Secretary Problem - nate_martin
http://en.wikipedia.org/wiki/Secretary_problem#body
======
Cogito
The section on experimental studies touches on it briefly, but it's important
to note that costs involved in the selection process are not considered in the
standard construction of the problem.

From wikipedia:

> _In large part, this work has shown that people tend to stop searching too
> soon. This may be explained, at least in part, by the cost of evaluating
> candidates._

and then

> _For example, when trying to decide at which gas station to stop for gas,
> people might not search enough before stopping. If true, then they would
> tend to pay more for gas than they might had they searched longer._

So you might pay more for gas if you don't use the optimal strategy, but waste
more money in fuel costs searching for the cheaper price than you save buy
purchasing at that price.

Perhaps most interestingly, there is a formulation of the problem that
requires a decision to be made within a certain time period, from an unknown
number of candidates who arrive over that time period.

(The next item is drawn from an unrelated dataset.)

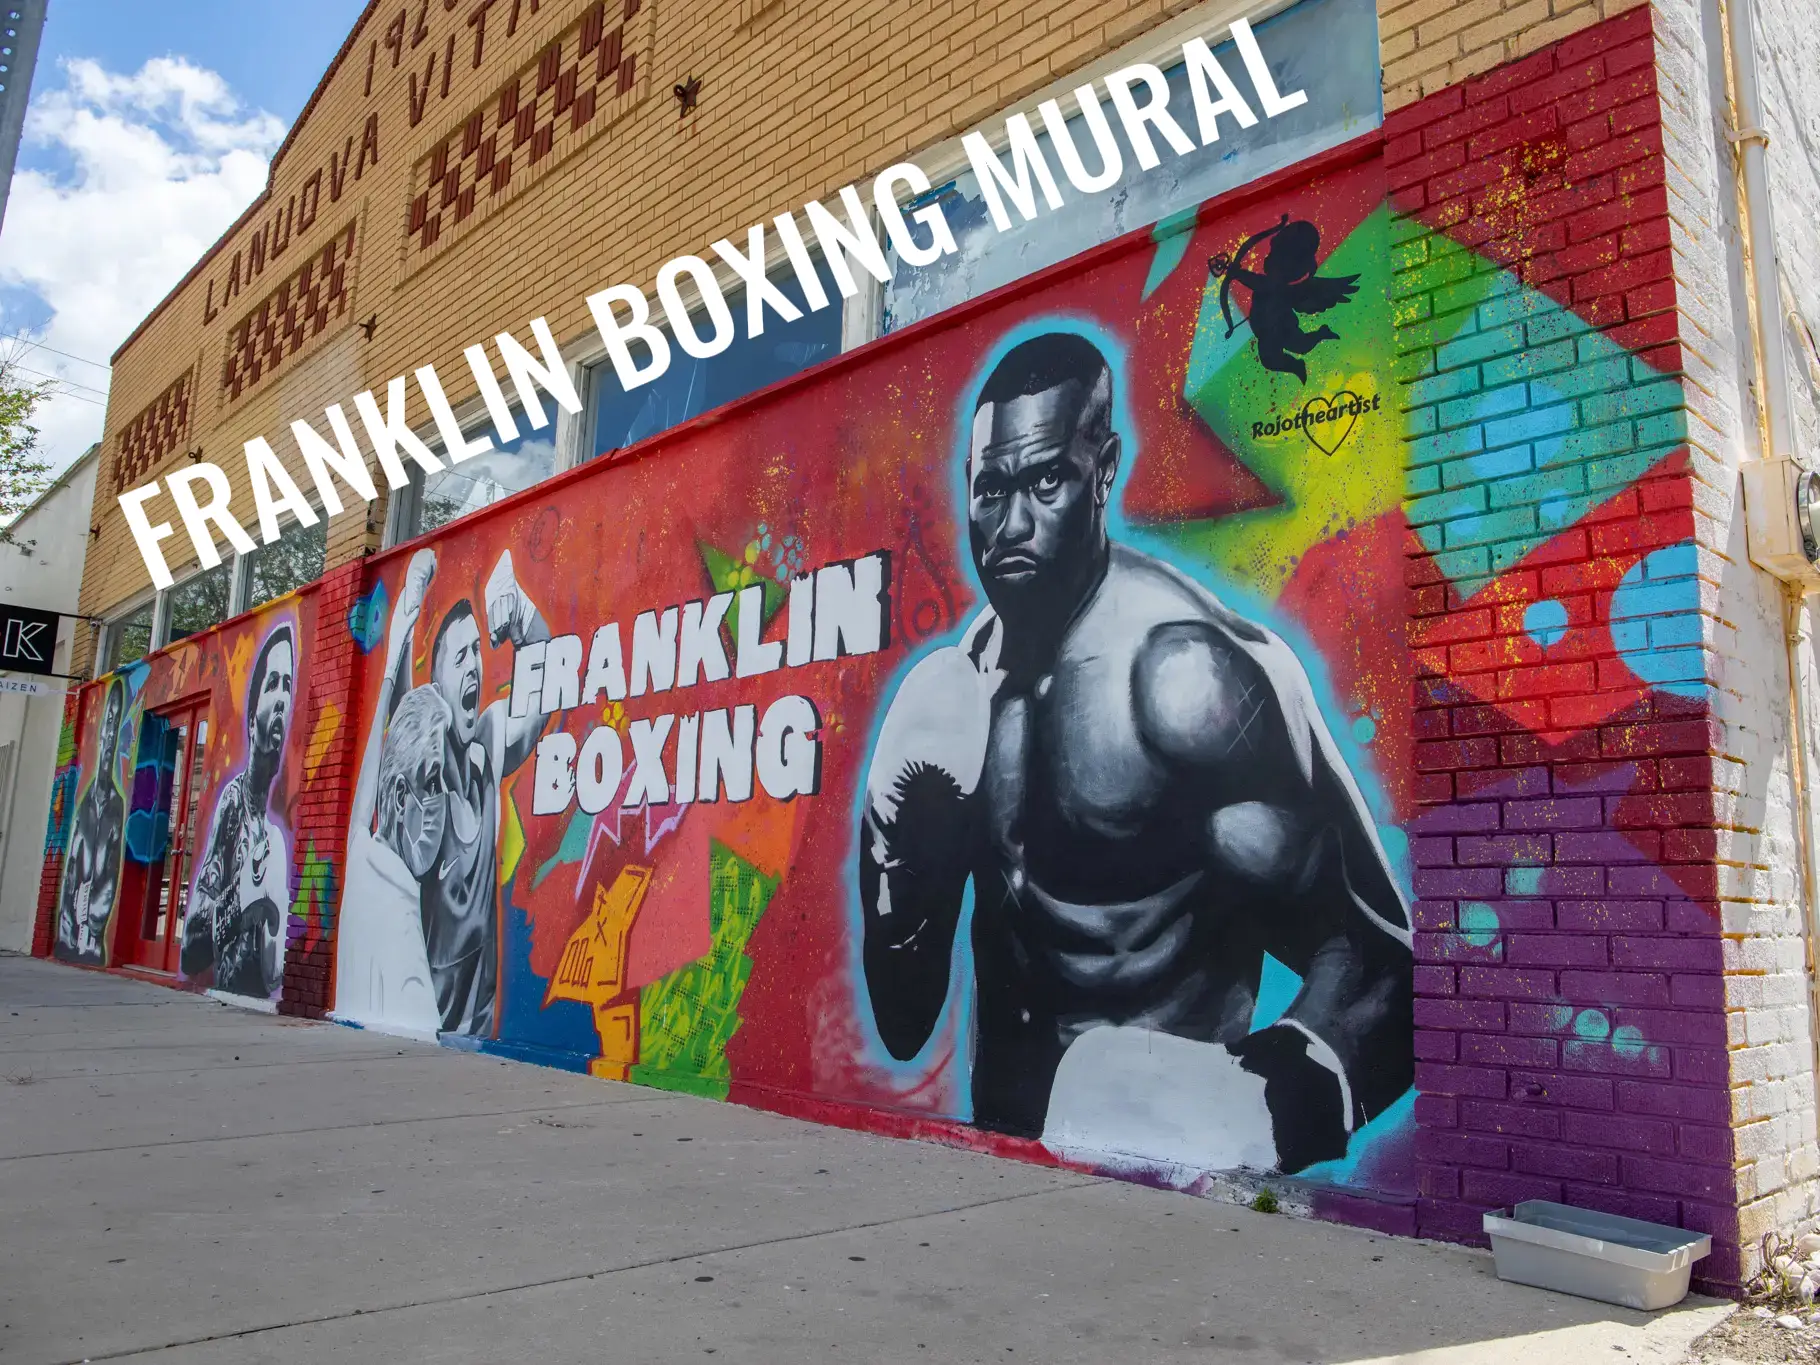 New boxing mural in Tampa Fl “Franklin boxing”, Gallery posted by  Rojotheartist

If you know (or can
estimate) the arrival times of the candidates, you can use a very similar
strategy to achieve optimal results.

Essentially, wait until you have seen 1/e of expected candidates in the time
frame you have allowed for (based on the arrival density function you know or
estimated) then pick the next best option.

This puts a limit on the amount of searching you do, and so provides an
optimal strategy with a bounded limit on how long you search for; it provides
a bound on the cost involved in the search assuming the cost is related to
time taken.

In the searching for gas example, you could use this strategy if you knew
roughly how often you pass a gas station, and how long you are willing to
search for.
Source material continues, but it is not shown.